Being on the North side of 55 years old and around 215 lbs, I figured maybe it would be a good time to try 25's. Bought a set of Conti 4000's, but have yet to put them on.

Hopefully, there won't be a problem fitting them to my 5.2 Madone. 

Of course, after buying them, Continental has come out with a "Grand Prix" tire that is a 24. Interesting idea for us heavier riders.


----------



## zac (Aug 5, 2005)

I was just wondering about this. I was having a conversation with my son about installing fenders (on another bike) and was explaining about tire fit and such. So it got me thinking.

My guess, and it is purely that, is that nothing larger than a 25 would fit, or a small 28. 

Now you are going to make me do it. I have some wheels that need attention, and I am going to throw some 28s on just to see.
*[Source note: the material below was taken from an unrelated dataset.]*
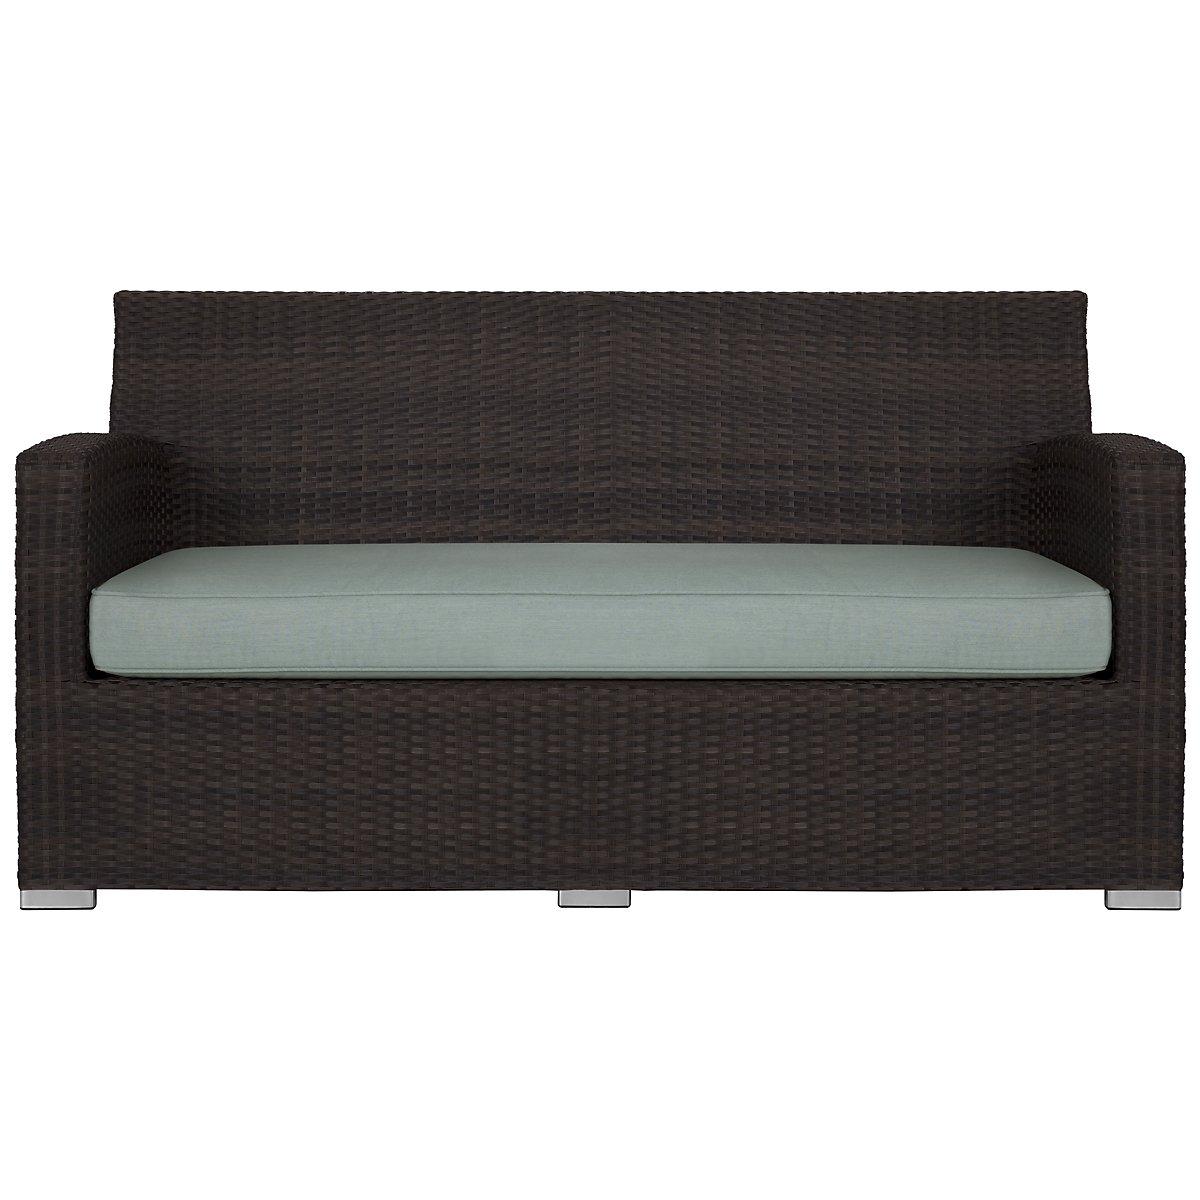 Grate Teal Sofa

But look at the clearances between the fork crown and tire; the seat triangle and tire and lastly the chainstay "bridge" and tire, there is barely 3-5mm on my Madone. So I am thinking no more than 25s.

zac


----------



## zac (Aug 5, 2005)

Well I could get 28s to fit, but I wouldn't ride with them. They were Panaracer Paselas 700x28 steel beads (The cheap ones, not the folders). There was almost no clearance, and one small pebble stuck in the tire, would cause some damage. Of course not all 28s are the same size, so you would have to check. But a true 25 ought to fit.

zac


----------



## Italianrider76 (May 13, 2005)

Why would you put anything wider than a 23 on a bike that is built for speed?


----------



## slideeslide (Feb 1, 2007)

Italianrider76 said:


> Why would you put anything wider than a 23 on a bike that is built for speed?


Wider tires, more comfy. 

My reason is that and I have a rain bike that to get my rides in I have to do with lights on a rail/trail path. Only safe way to fly. I need to be able to move my Powertap wheel to the Madone on weekends.


----------



## JoeyBuck (Apr 2, 2008)

For what it is worth, I got about 60 miles this weekend on a pair of 25's that I put on mainly due to gain a bit of comfort on my high mileage frame (mine, not the bike!)

Forty of those were with a pace line with the local bike club and if there was a loss of performance, I sure did not notice it. I still managed to hold my pulls at the front. 

They fit the frame without issue and the upgrade in reducing the jarring on pot holes and other issues with the road were of a similar magnitude to what I gained from going from my Litespeed to the Madone. 

While it was a "change of life" decision for me since I have always been on 23's, I will not be going back to them. The improvement is that dramatic. 

The Conti's are 20 grams heavier then the Bonti's and they have a slightly larger circumference making the top gear a bit taller.


----------